Les cinq princes chevauchent devant les prisonniers ; et ils ont lié les chevaliers placés sur les mulets. Guillaume d’Orange soupirait souvent de douleur et d’affliction ; il appela Bertran, son parent, et ses autres compagnons : « Amis honorés, » dit il, « vaillants chevaliers, c’est grande pitié pour nous d’être embarqués sur ces vaisseaux et d’aller sur mer avec ces gens maudits : jamais plus nous ne pouvons espérer d’être secourus par aucun homme vivant. Guibourc[1], » dit-il, « courtoise dame, je vais bien m’éloigner de toi ! Je ne sais plus que dire maintenant ; Dieu tout-puissant, je te demande de prendre à jamais nos âmes en grâce ! » « Méchant vaurien, » dit Rodoant, « ces paroles nous déplaisent, que tu appelles à ton aide ta loi et tes faux dieux ! Pour l’amour de ton dieu, auquel tu crois, tu vas recevoir de moi un coup dur et pesant ! » Et il leva un gros bâton, et le frappa si fort sur la tête que le sang jaillit partout sur lui. Quand Bernard vit comment il traitait Guillaume, son parent, il hocha la tête et mordit sa barbe : « Vilain chien, » dit-il, « c’est grande pitié que nous soyons enchaînés, et que tu nous frappes ! Puisse Dieu m’accorder d’assister à ta honte » Comme le païen s’apprêtait[2] à frapper une seconde fois, ils virent derrière une vigne s’avancer Élie, revêtu d’un bon, solide et élégant équipement.

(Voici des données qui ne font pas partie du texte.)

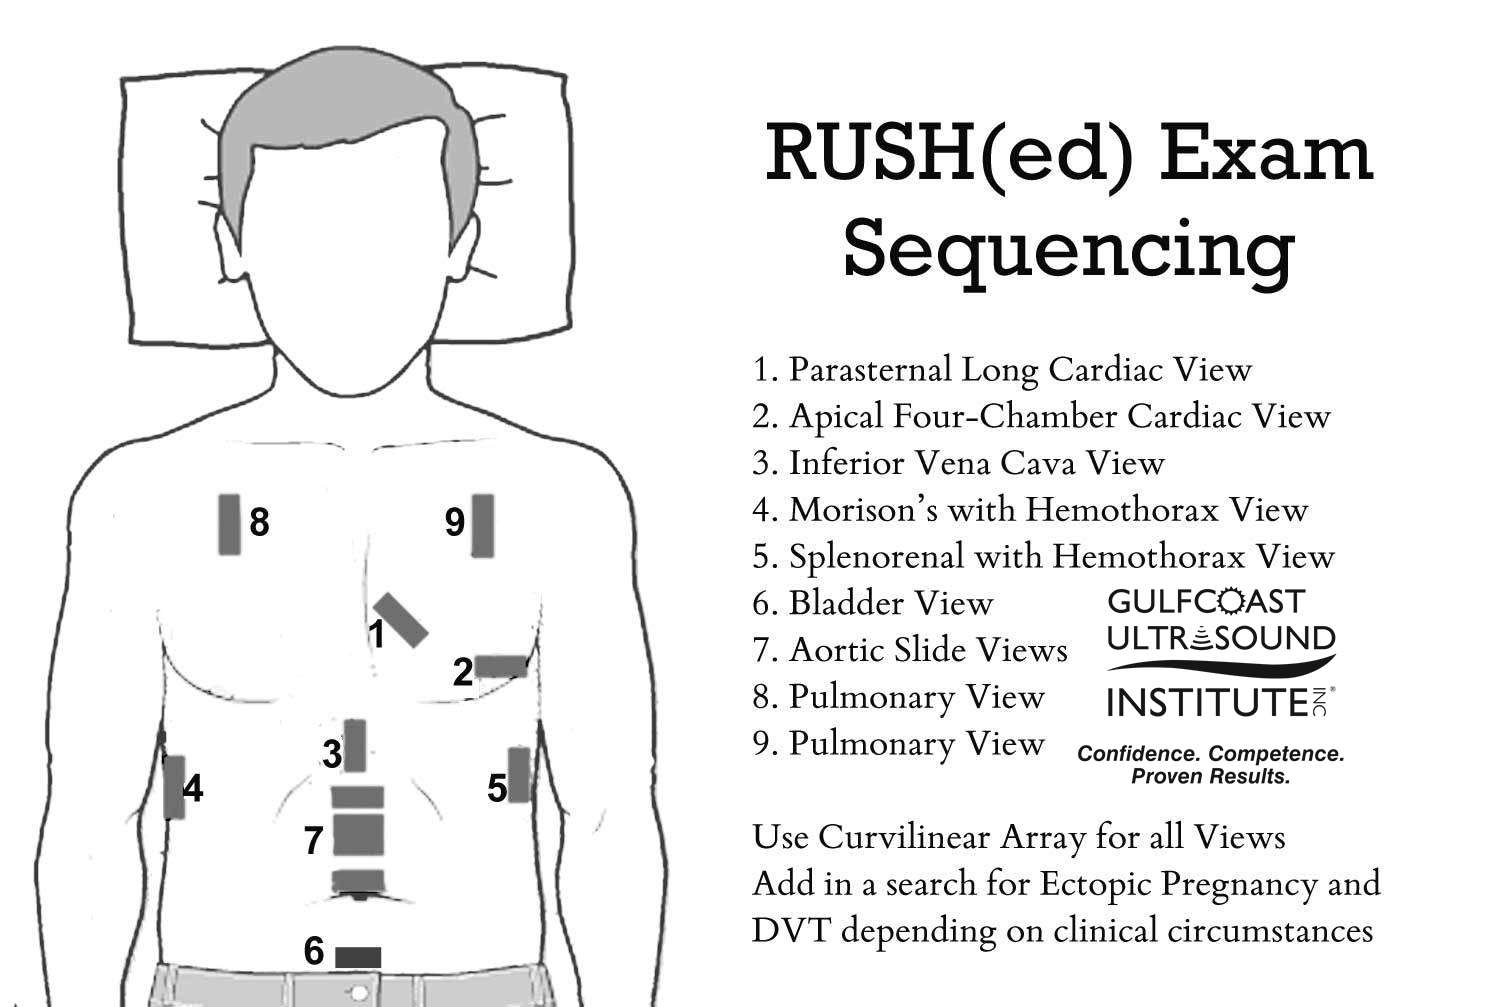 Rapid Ultrasound for Shock & Hypotension (RUSH): A systematic approach to evaluating patients presenting to the ED with undifferentiated hypotension
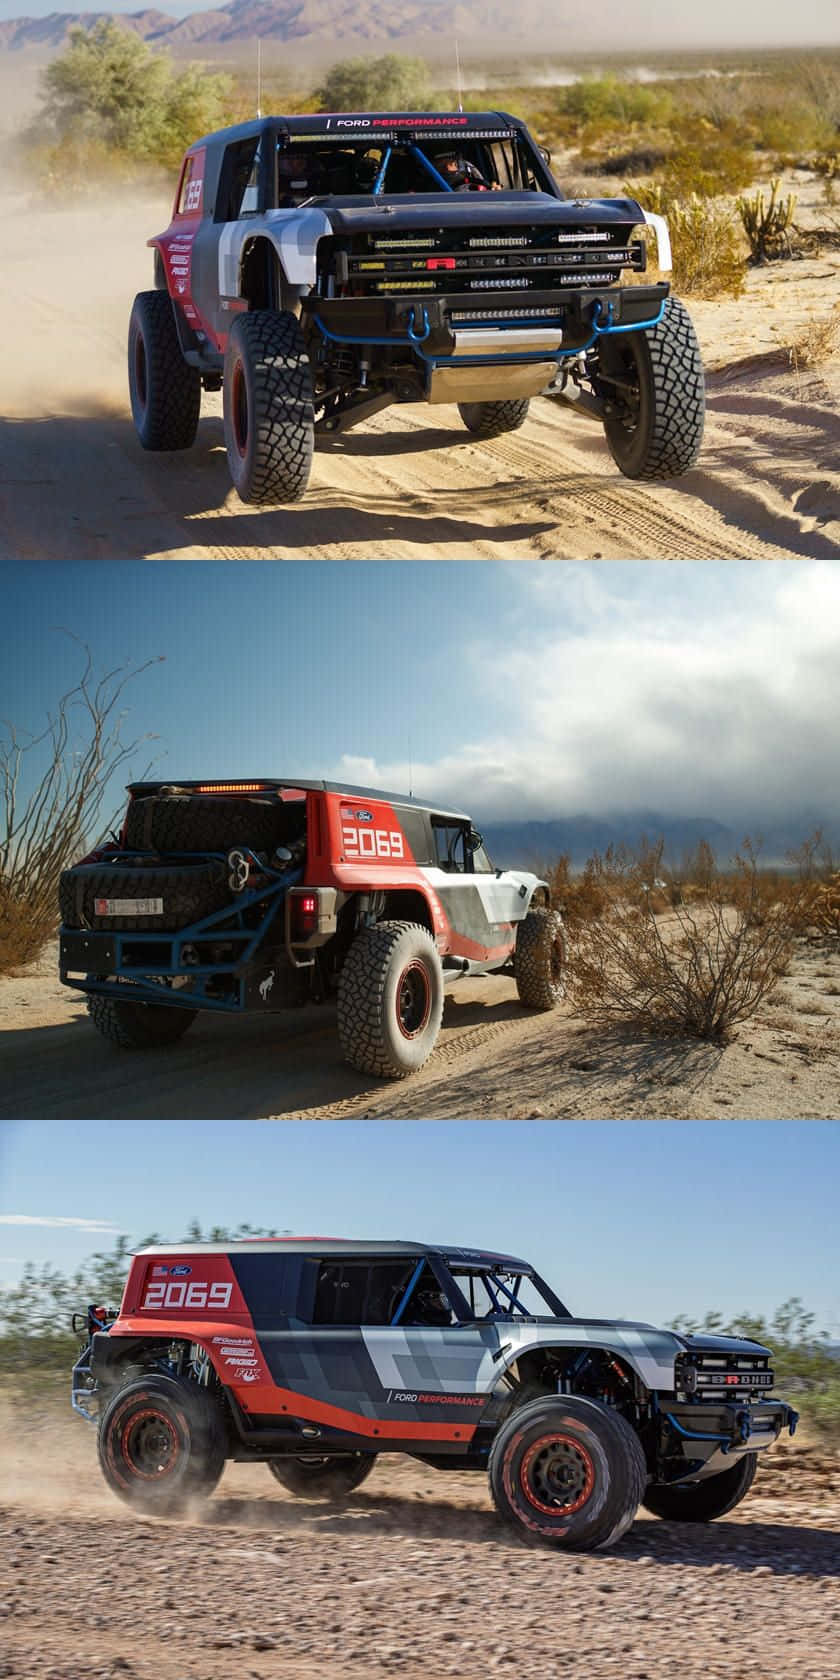 Off-Road Adventure in a Rugged 4x4 Vehicle Wallpaper

Le méchant Rodoant lui parla le premier : « Quelle espèce de chevalier es-tu, dit-il, « toi qui chevauches ainsi seul ? Tu es un oison et un butor, si tu oses te mesurer à moi ! Je te prendrai ton cheval rapide, ta brogne et ton heaume doré, ton écu, ton épée

  1. A Gibuers.
  2. C B D à lui donner un second coup.